**Excerpted data**
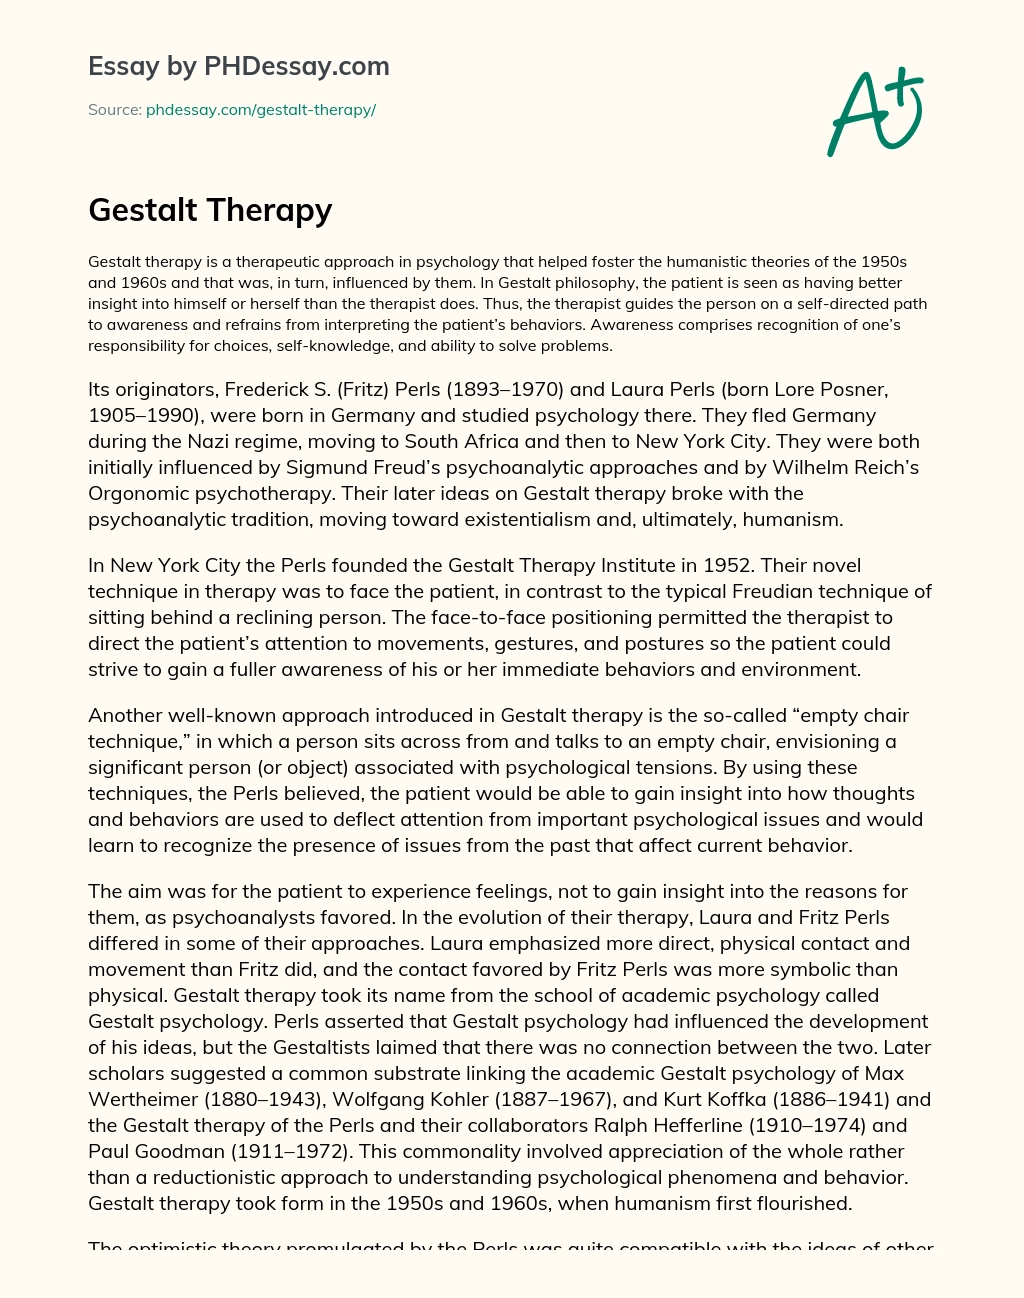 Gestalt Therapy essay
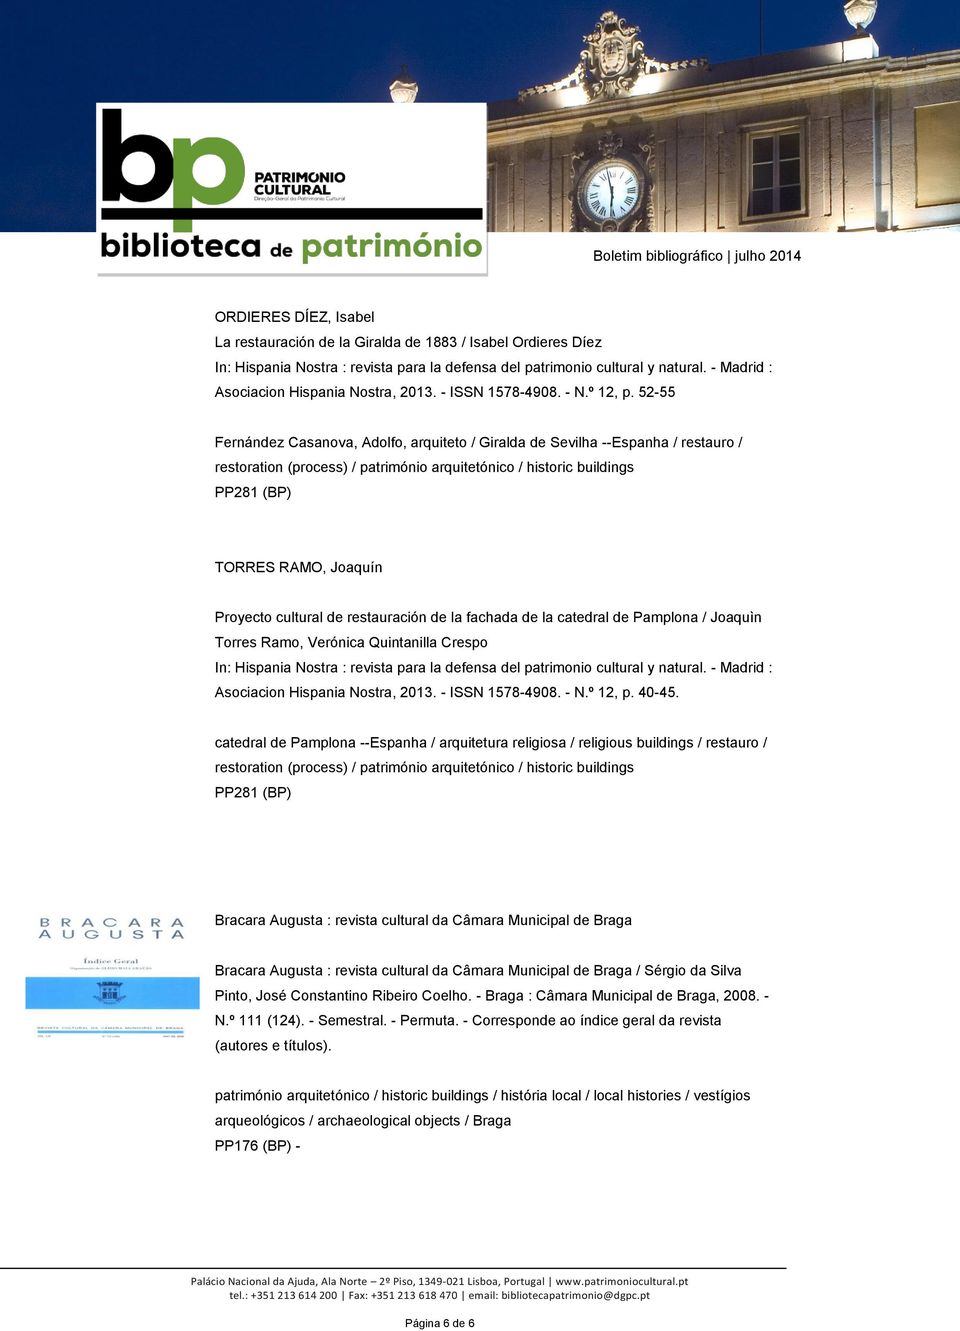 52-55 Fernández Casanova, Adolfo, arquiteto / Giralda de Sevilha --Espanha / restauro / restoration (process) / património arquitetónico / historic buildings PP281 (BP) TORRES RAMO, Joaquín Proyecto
--
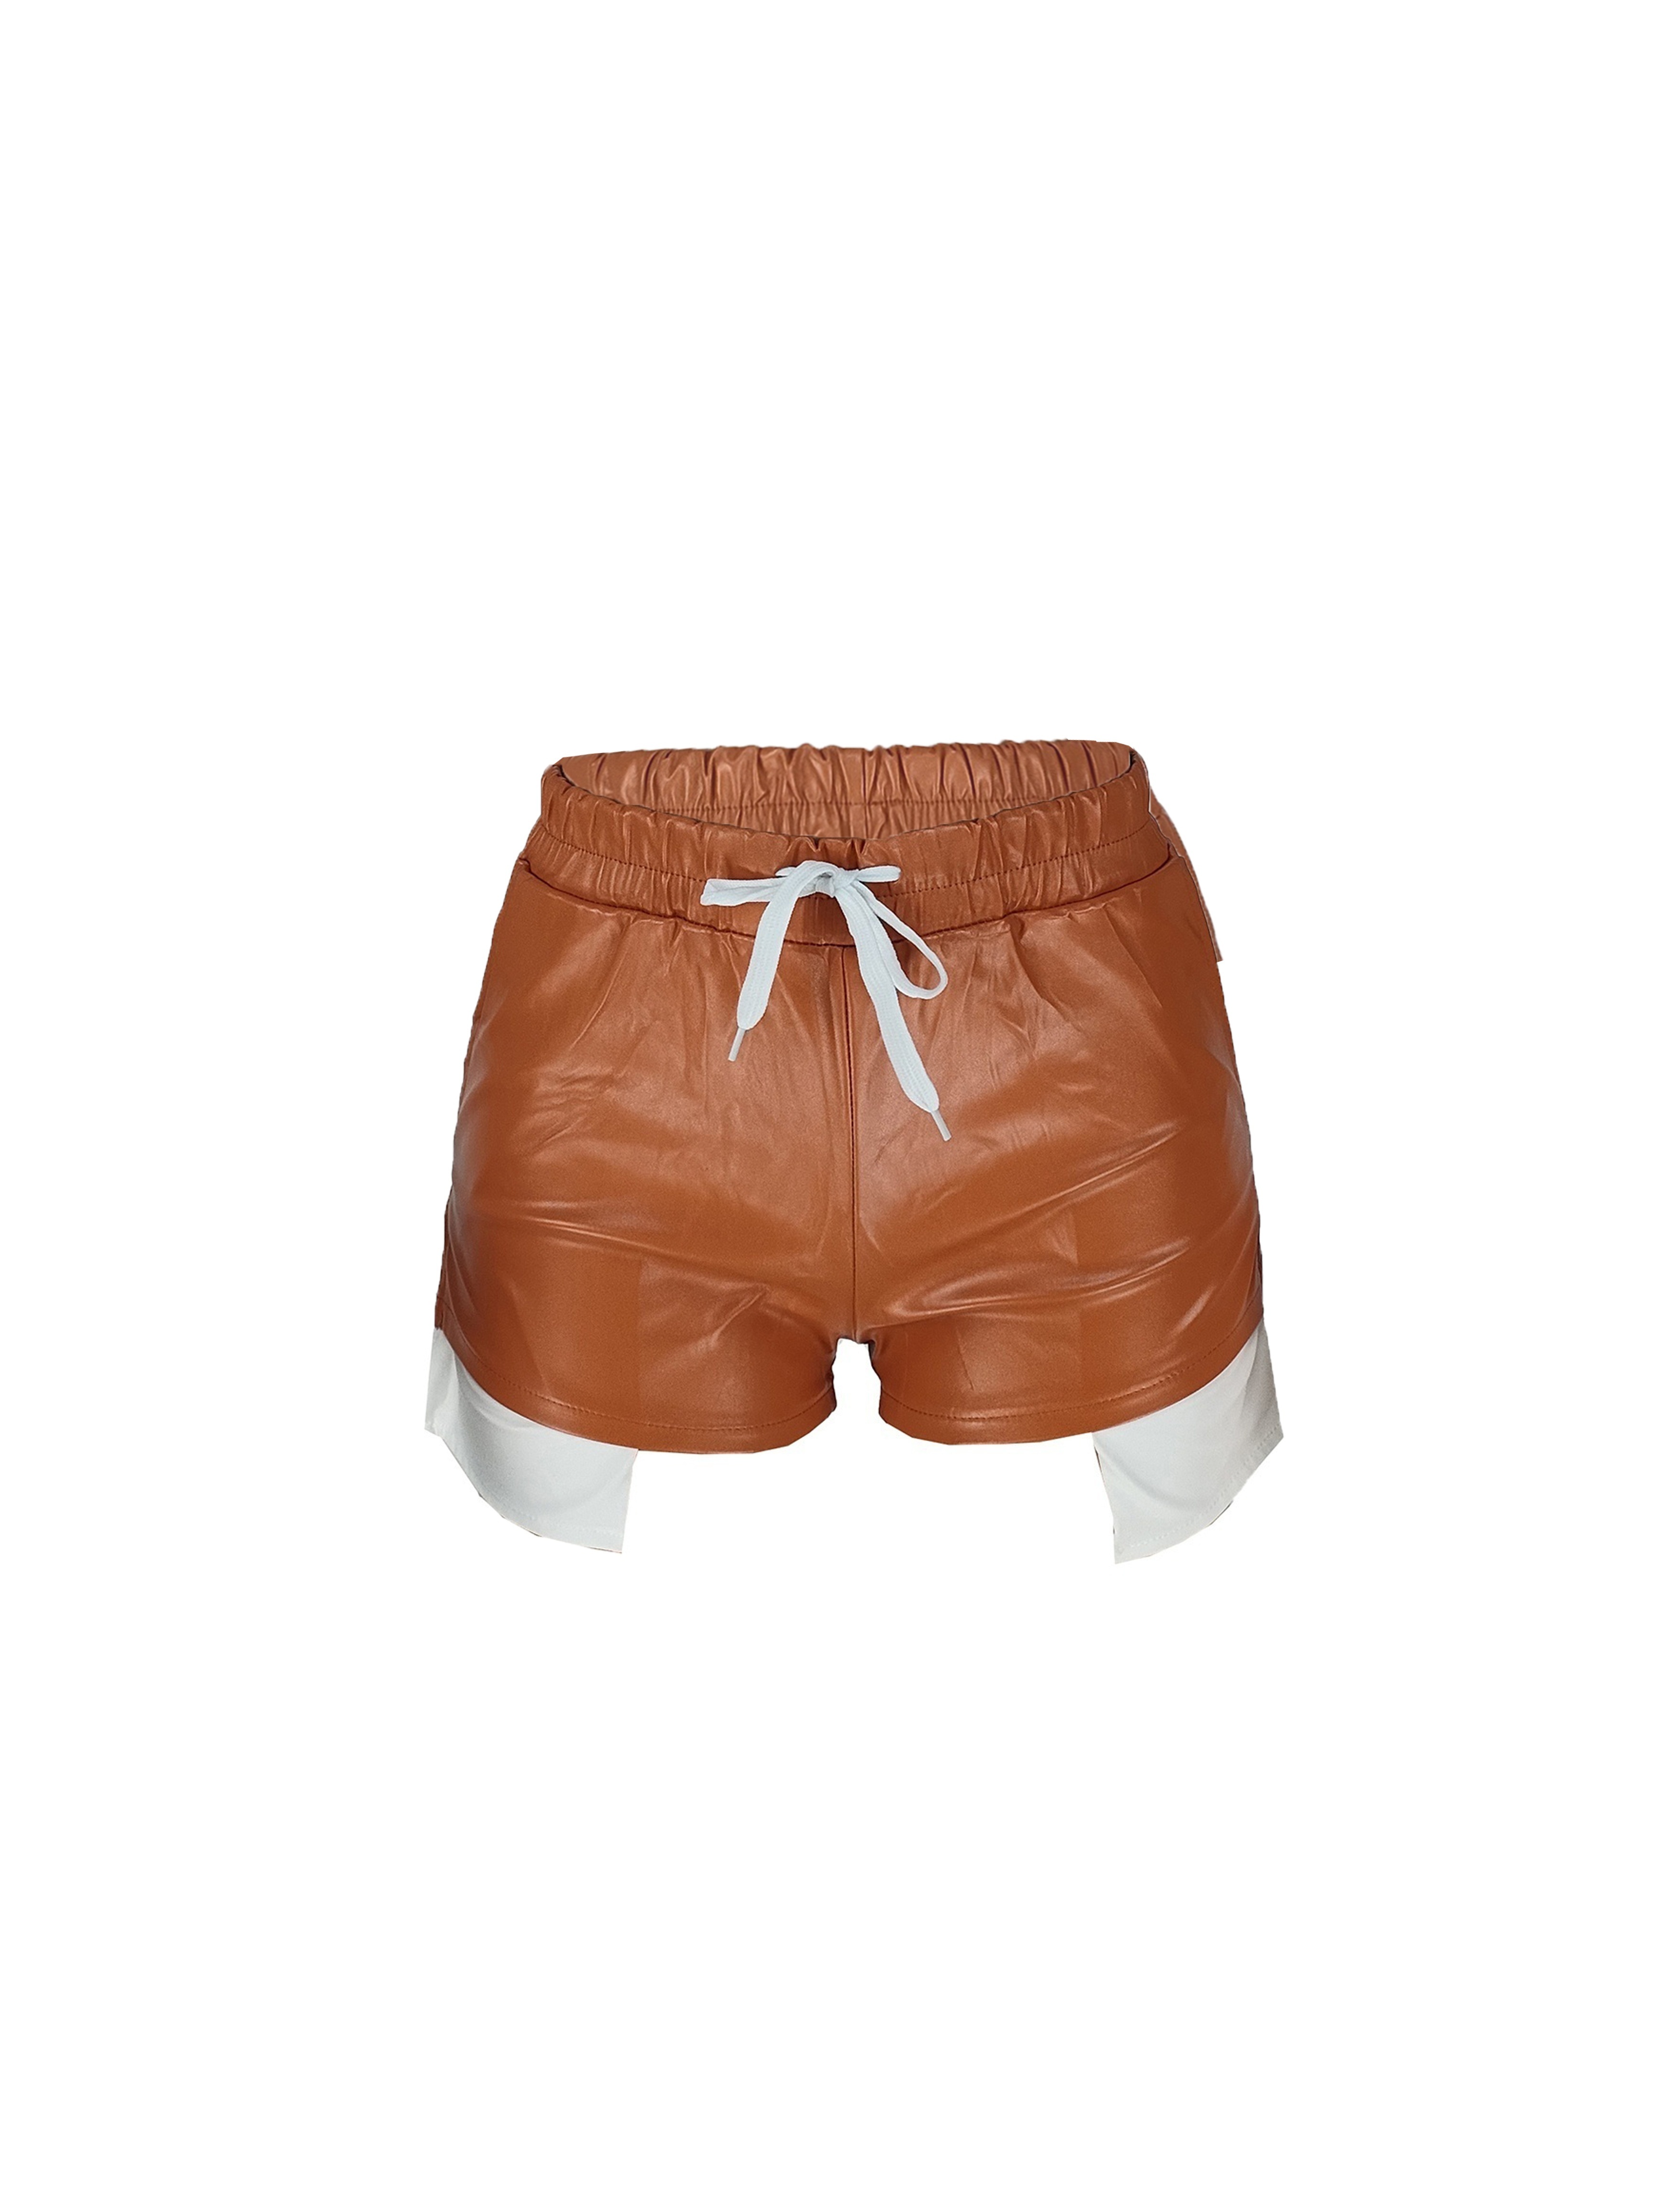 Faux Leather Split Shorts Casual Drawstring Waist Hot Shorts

**Problem to work on**
The data above holds the lines to copy: start at the one with "Gestalt Therapy essay", stop at the one with "52-55 Fernández Casanova, Adolfo, arquiteto", include both, copy them exactly without pictures, and copy nothing else.

**Reply**
 Gestalt Therapy essay
 52-55 Fernández Casanova, Adolfo, arquiteto / Giralda de Sevilha --Espanha / restauro / restoration (process) / património arquitetónico / historic buildings PP281 (BP) TORRES RAMO, Joaquín Proyecto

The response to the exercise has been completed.